I mean, come on! You know when something’s good or bad – don’t you?
And the trouble is, people who read your writing are usually desperate to be nice to you, to encourage you with your little hobby ("it keeps him off the streets, doesn’t it?"). One of my plays was performed once before a full house and everyone came out afterward and told me how brilliant it was, how great I was… but it wasn’t, it just bloody wasn’t and I knew it and I hope to God they knew it too but they wouldn’t say it. One person, ,months – years – later smiled at the memory of that night and said to me, “God, that was shite, wasn’t it?”
That person can read my work anytime!
So what do I think of ‘JJ’s Note’?
In one respect I like it, I think it has a reasonably elegant solution and I think the structure I built around that solution is quite solid and convincing.

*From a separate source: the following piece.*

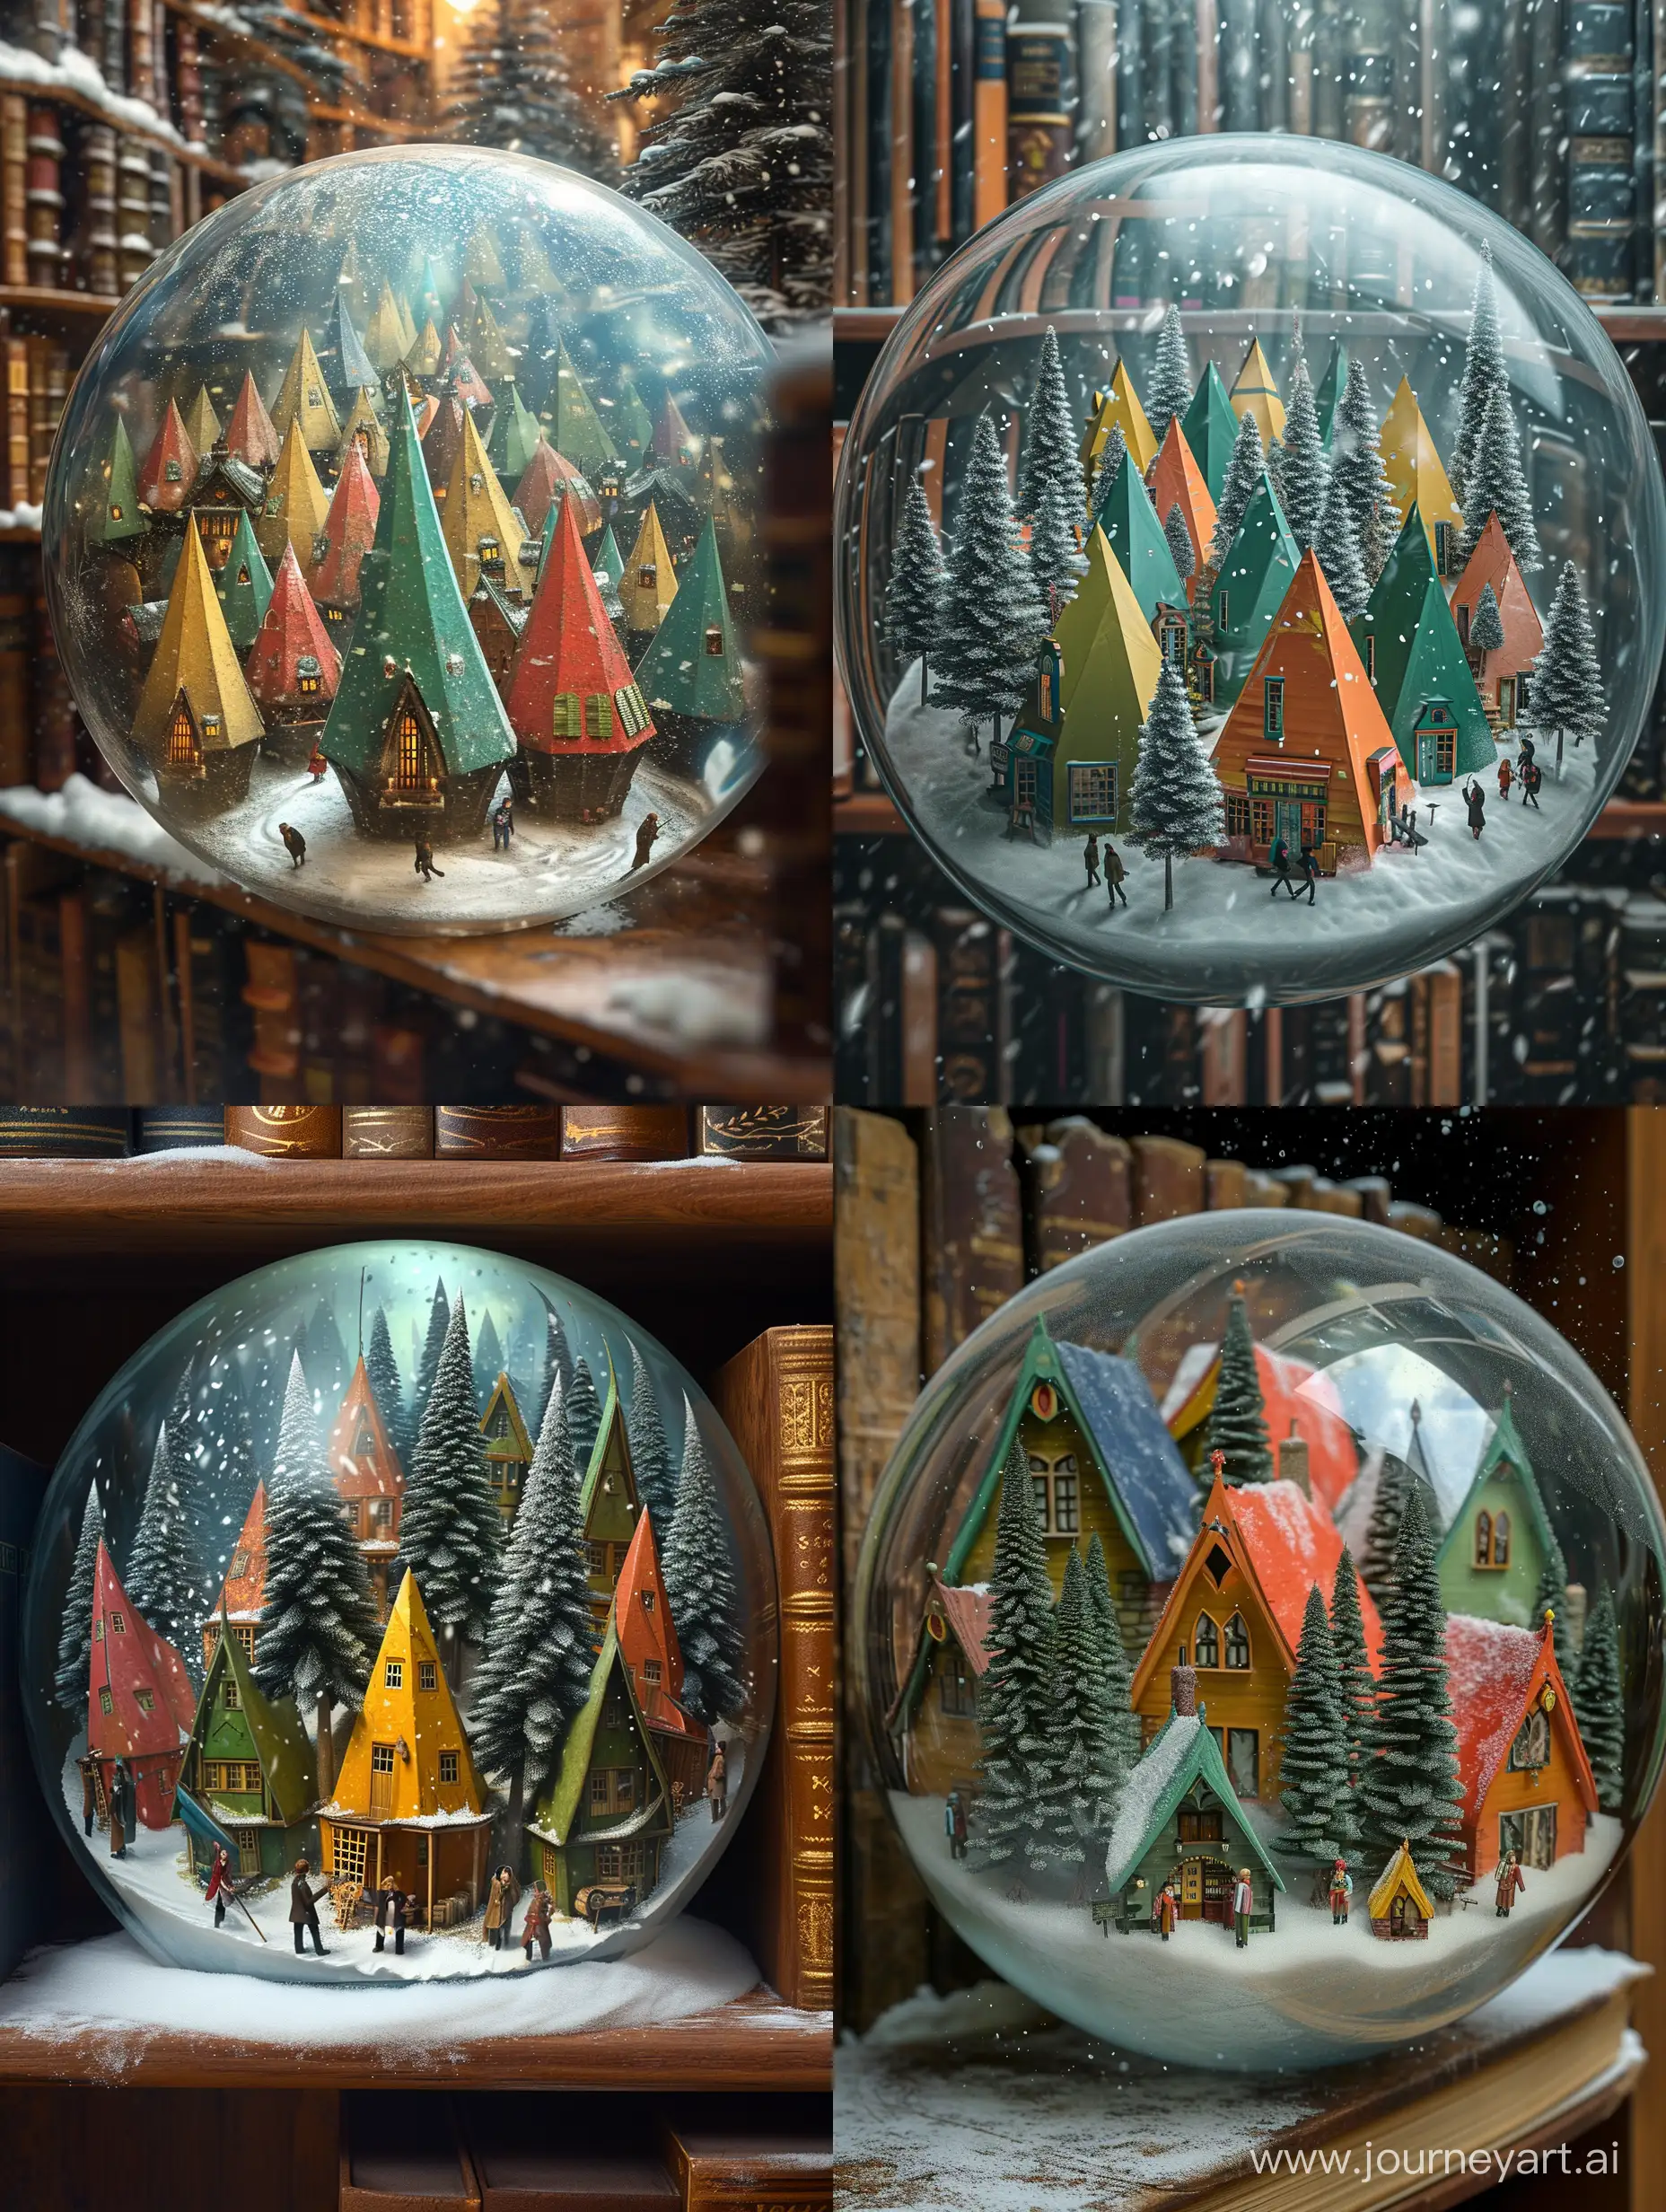 Magical-Winter-Village-Inside-a-Glass-Sphere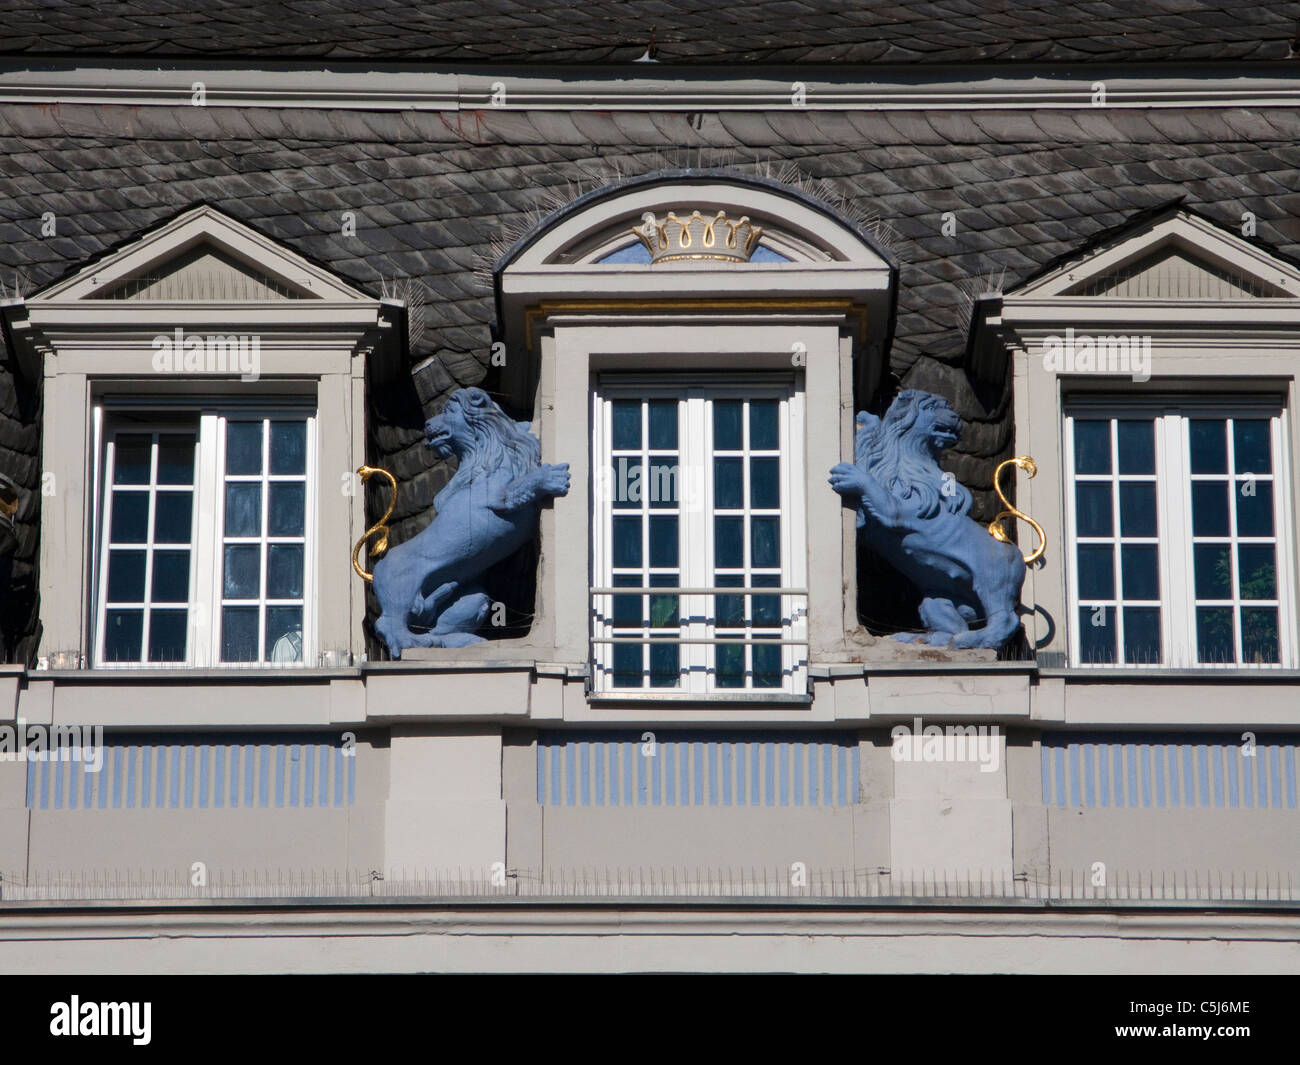 Blaue Loewen zieren ein Mansardenfenster, Haus am Hauptmarkt, dos leones azules, esculturas, decora una ventana, principal mercado Foto de stock

I like the fact that I posited a possible alternate solution in the middle which I then promptly rejected. That ‘glorious twelfth’ piece was another ‘Skewed Thingie’ which could have had its own narrative edifice erected around it, if I saw fit, but I sacrificed it instead to the altar of JJ.
In another respect, I dislike ‘JJ’s Note’ and I’ve alluded to my main reason for this several times in this post already. The story is little more than a technical exercise in deception. It is a heartless edifice built around a flimsy fact and all the heartbreak and pain concocted along the way was created for only one reason – to make the trick work.
It is a bit like the movie ‘The Sixth Sense’ in that respect. If you look at it too hard, it will fall down under the weight of its own subterfuge.
‘JJ’s Note’ was written before I learned the lesson that I try to inject into everything I write these day. That lesson states, ‘There had to be a little truth in it’. Just that. There has to be a little truth to elevate it above the technical and the gratuitous. Just a little truth…
But, interestingly, some people seemed to be moved by my little technical story. Were they like the audience in the theatre that night – just trying to say something nice – or is there a chance, a little chance that, when I wasn’t looking, a little truth accidentally slipped into my story?
There’s always something else to learn, isn’t there?